Он перевернулся на живот, прополз немного вперед. Выглянул из-за воняющего гарью обгоревшего танкиста. Тут же в тело покойника ударила пуля.
- Не стреляйте! - что есть мочи заорал Сергей.
Выстрелы прекратились. Курков приподнялся.
- Господи Иисусе, - донесся голос откуда-то сбоку, - да это ж Иван!
Курков медленно поднялся и, спотыкаясь, спустился по битому кирпичу к машине Фолькерсама.
- Живой? - радости в голосе командира Курков не услышал. - Неплохо разделался с танком. Везет тебе, русский.

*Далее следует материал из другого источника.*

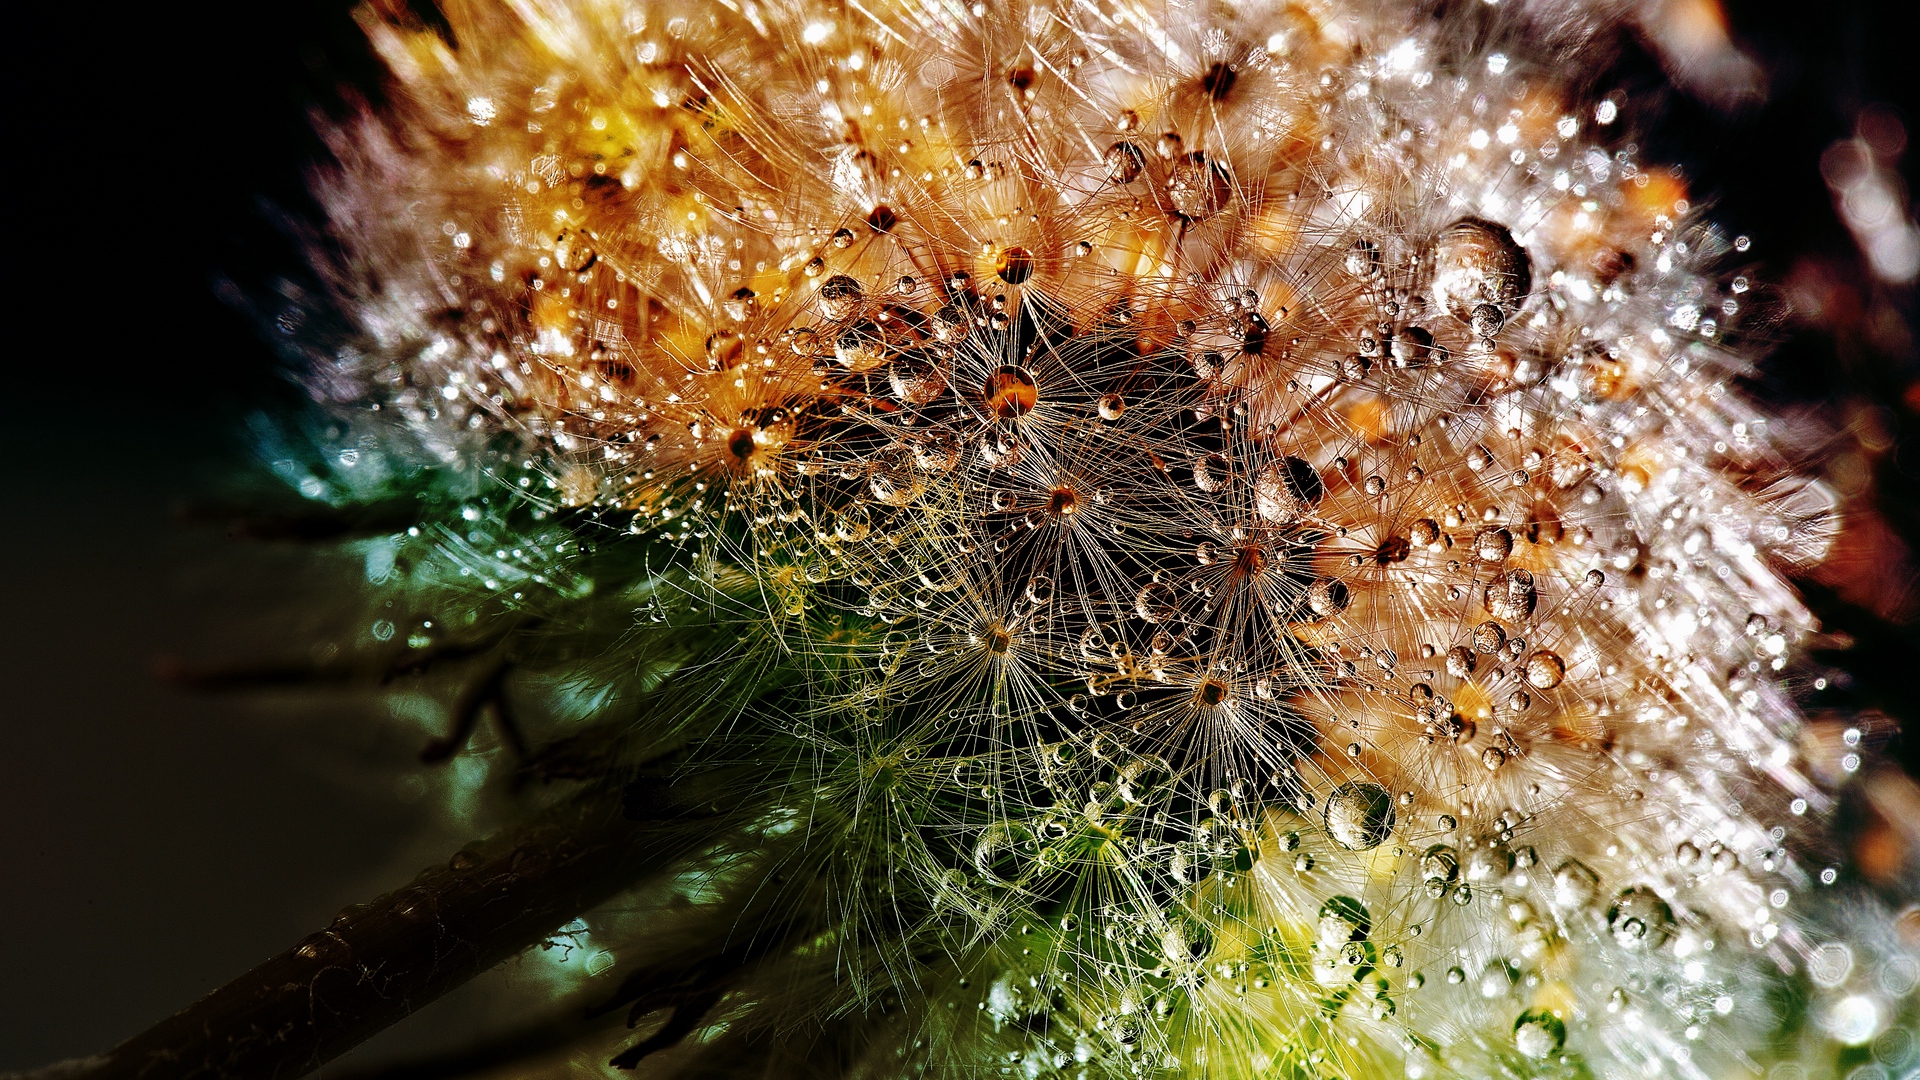 Beautiful Dandelion With Dew Drops - Macro Photography Of Dandelions - HD Wallpaper

Герлах дружески похлопал солдата по плечу:
- Зам нашего Отто не слишком разговорчивый, верно?
- Мне с ним детей не крестить. - Курков и не сообразил, что произнес фразу на русском языке.
- Что ты сказал? - Герлах недоуменно воззрился на собеседника.
Курков перевел.
- А, русский юмор. - Герлах рассмеялся. - Нужно будет запомнить. А танк ты по всем правилам ликвидировал. Вот только куда потом пропал?
- По голове чем-то стукнуло, - соврал Сергей. - Вроде деревянным, но тяжелым. Видно, от взрыва. Вот и провалялся в яме.
- На войне, как на войне. - Герлах оглянулся по сторонам, кивнул на Радля: - А ведь он в тебя стрелял.
- Только что, когда я выбирался?
- И когда полз на задание. - Герлах отвинтил крышку фляги, прополоскал горло.
- Откуда знаешь? - Курков и не заметил, как перешел с лейтенантом на "ты".
- Видел. Он еще перед посадкой в машину поспорил, что пристрелит тебя во время боя.
- С кем поспорил?
- Со мной.
- Так ты теперь в выигрыше?
- A-а, всего каких-то двадцать марок. Впрочем, Иван, ты, кажется, приносишь удачу.
Курков кивнул на горевший танк:
- Не всем.
Герлах снова рассмеялся. Радль, заслышав его голос, направился к ним. Лейтенант замолчал.
- Не надо мной ли ты только что смеялся? Или мне показалось?
Герлах взглянул на злое, темное от грязи и копоти лицо соратника по батальону и снова рассмеялся:
- В первый раз тебе показалось. А вот сейчас нет.
Радль вскинул правую руку, чтобы нанести удар, но Герлах выставил "блок" и нанес сильный хук левой. Капитан согнулся пополам и со свистом теперь втягивал воздух в лёгкие.
- Ты щенок, а не бойцовская собака. - Герлах развернулся и направился к бойцам своей роты.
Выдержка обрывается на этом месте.